> Data section:

------------------------

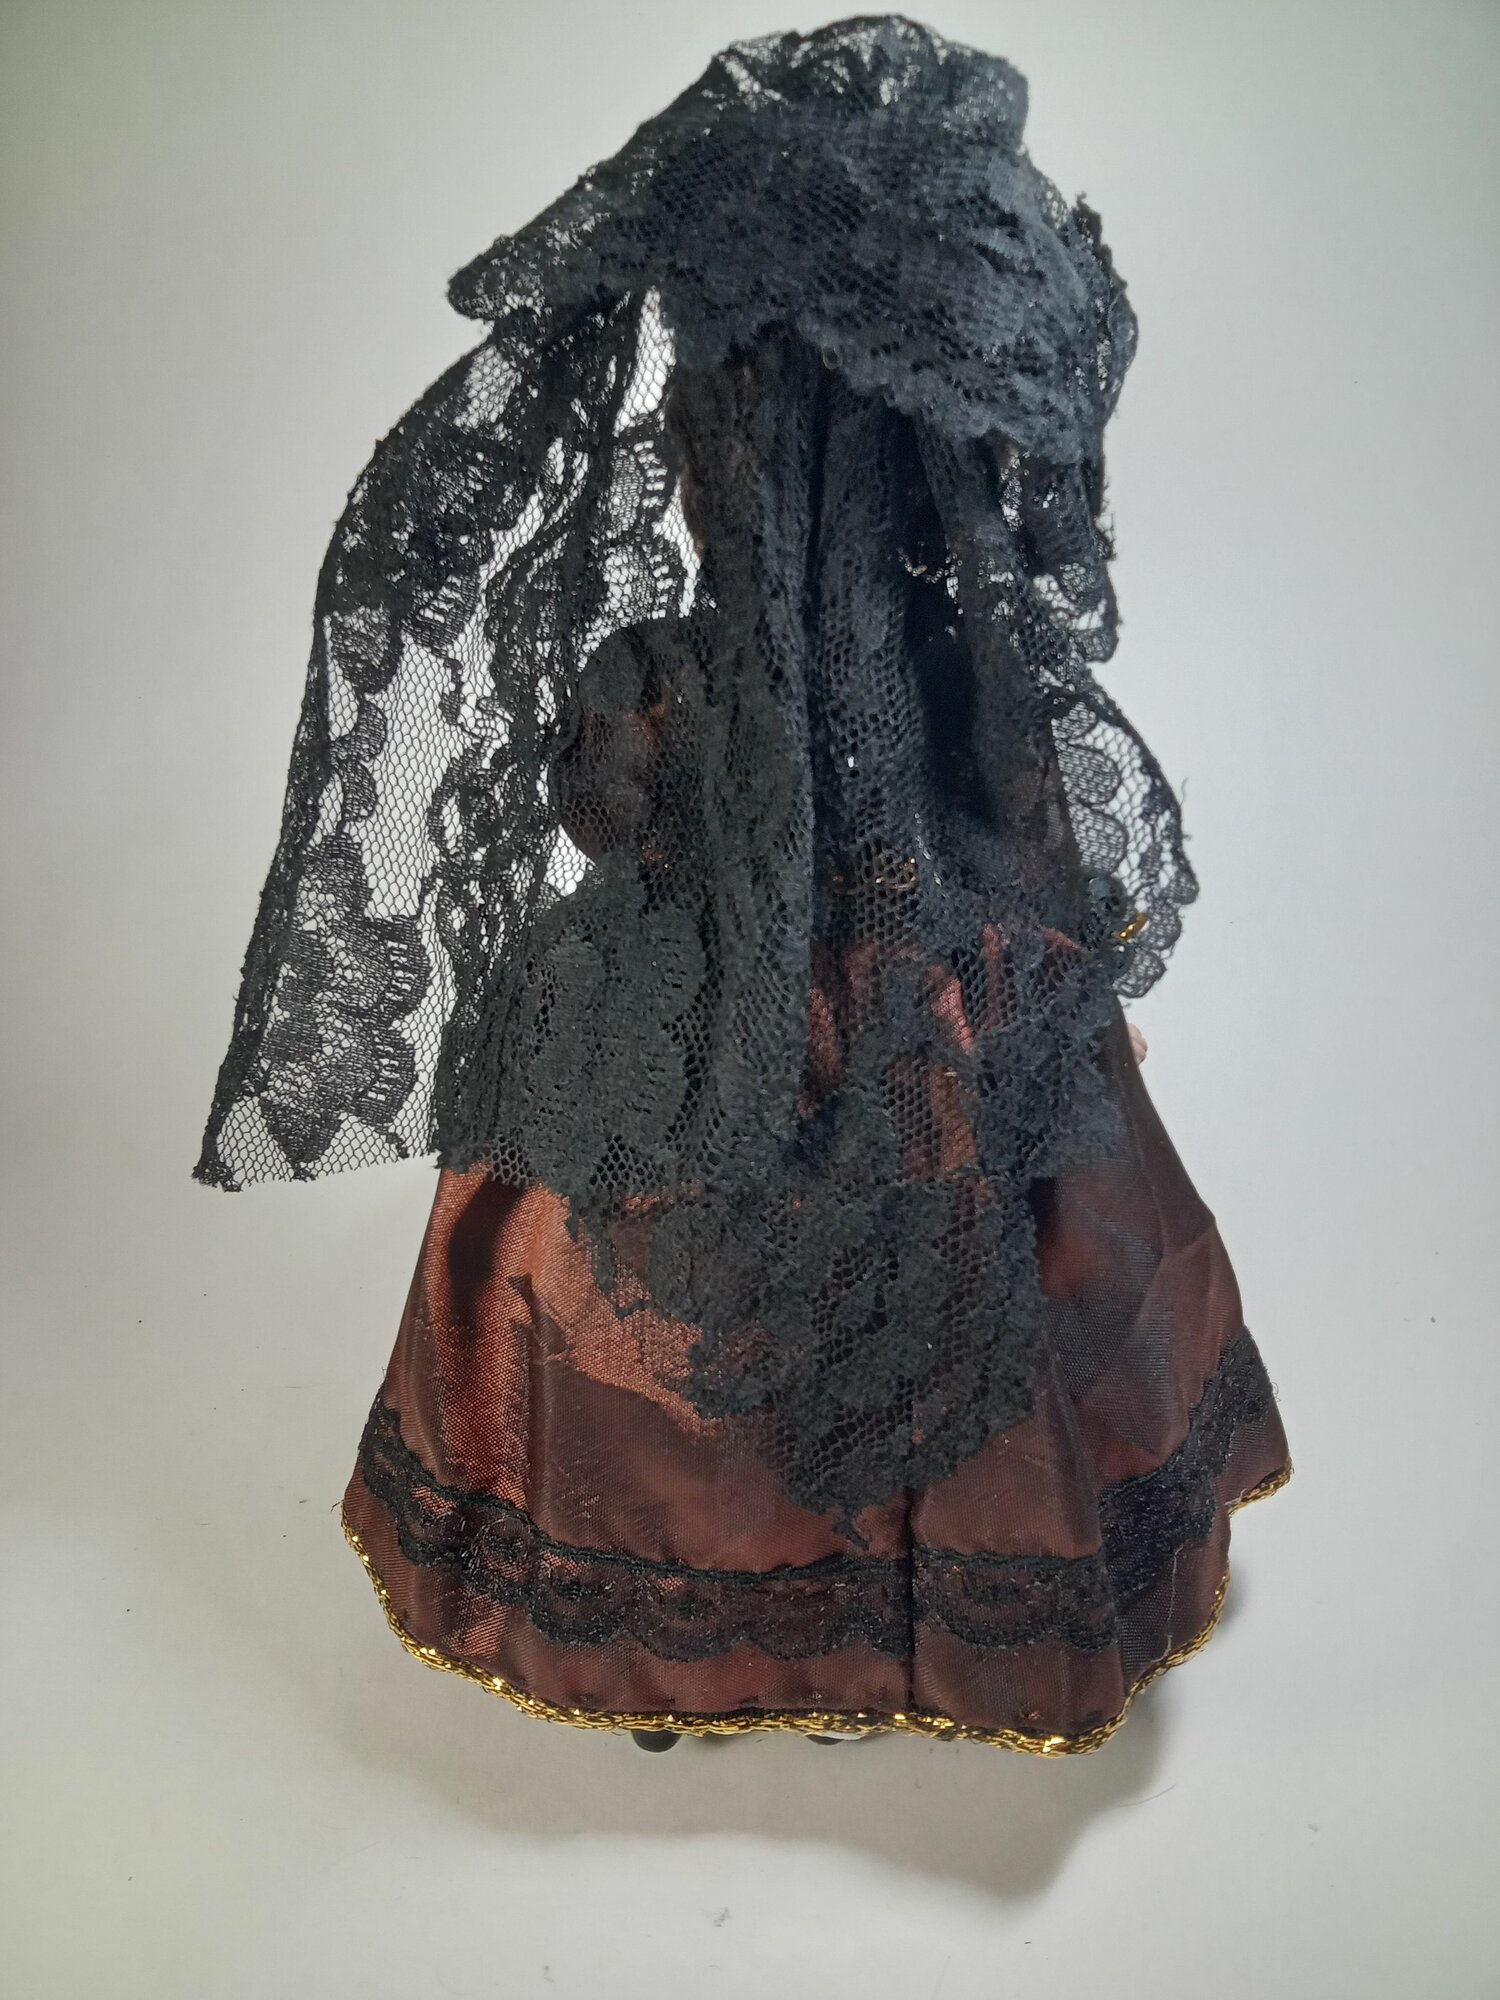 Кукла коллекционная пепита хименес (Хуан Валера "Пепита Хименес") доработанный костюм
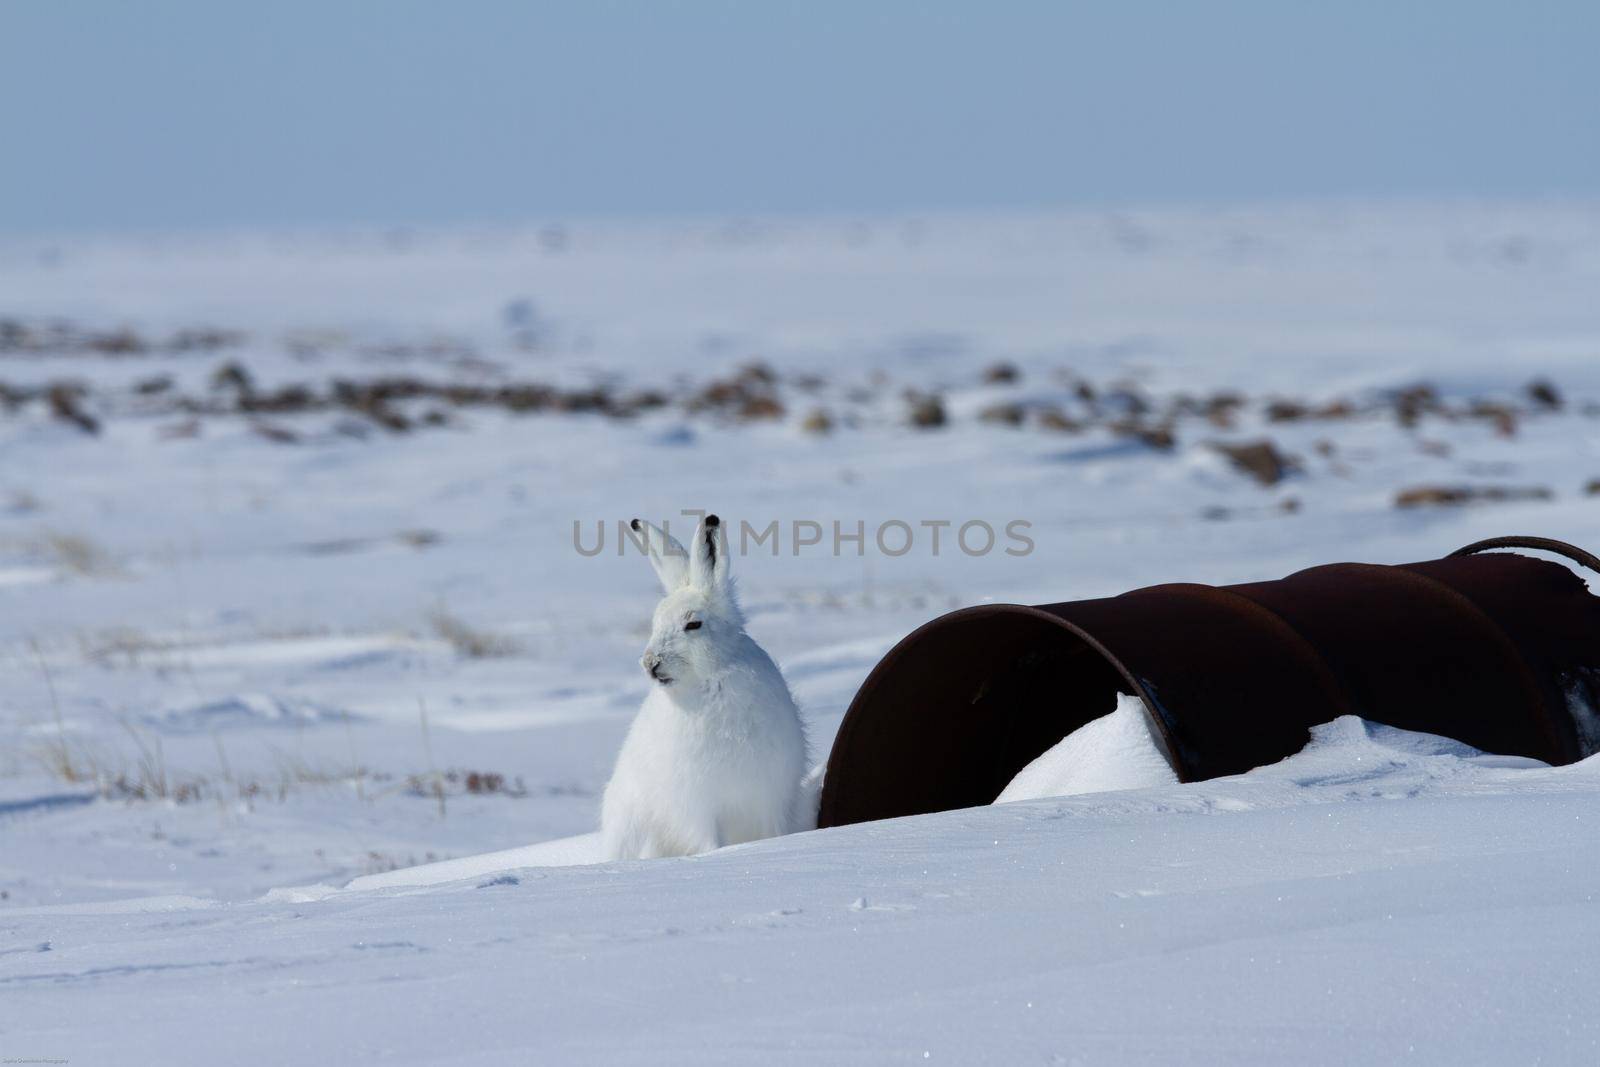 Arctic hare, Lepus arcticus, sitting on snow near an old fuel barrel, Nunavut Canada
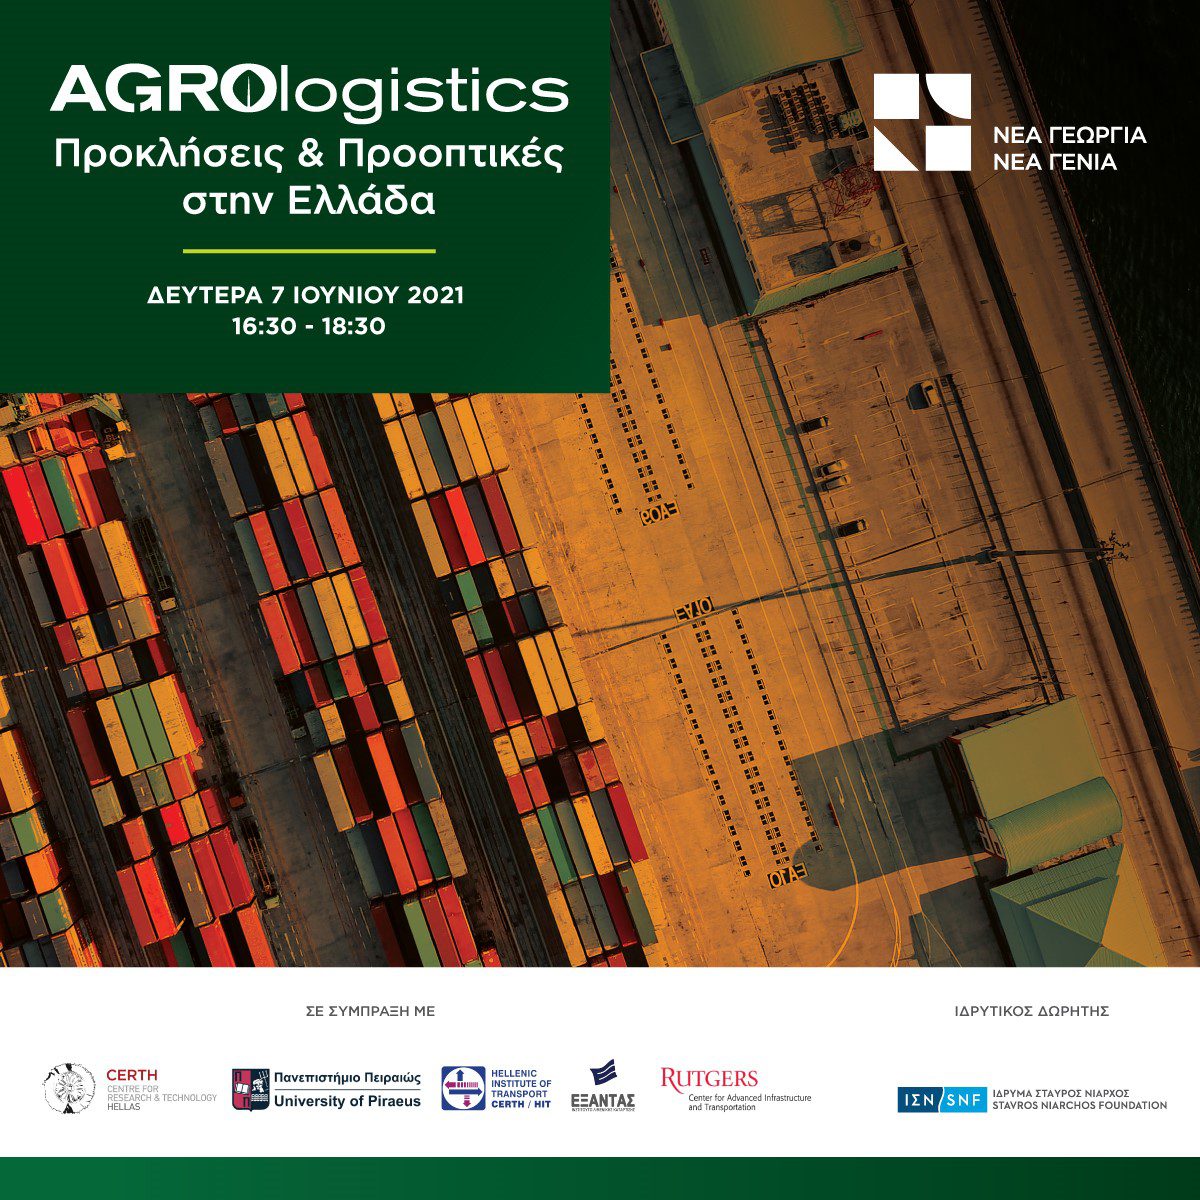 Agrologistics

------------------------

> Work required: Only the lines from the line with "Arctic hare, Lepus" to the bottom of the material above should be reproduced, exactly and without pictures.

> Response below:
 Arctic hare, Lepus arcticus, sitting on snow near an old fuel barrel, Nunavut Canada
 Agrologistics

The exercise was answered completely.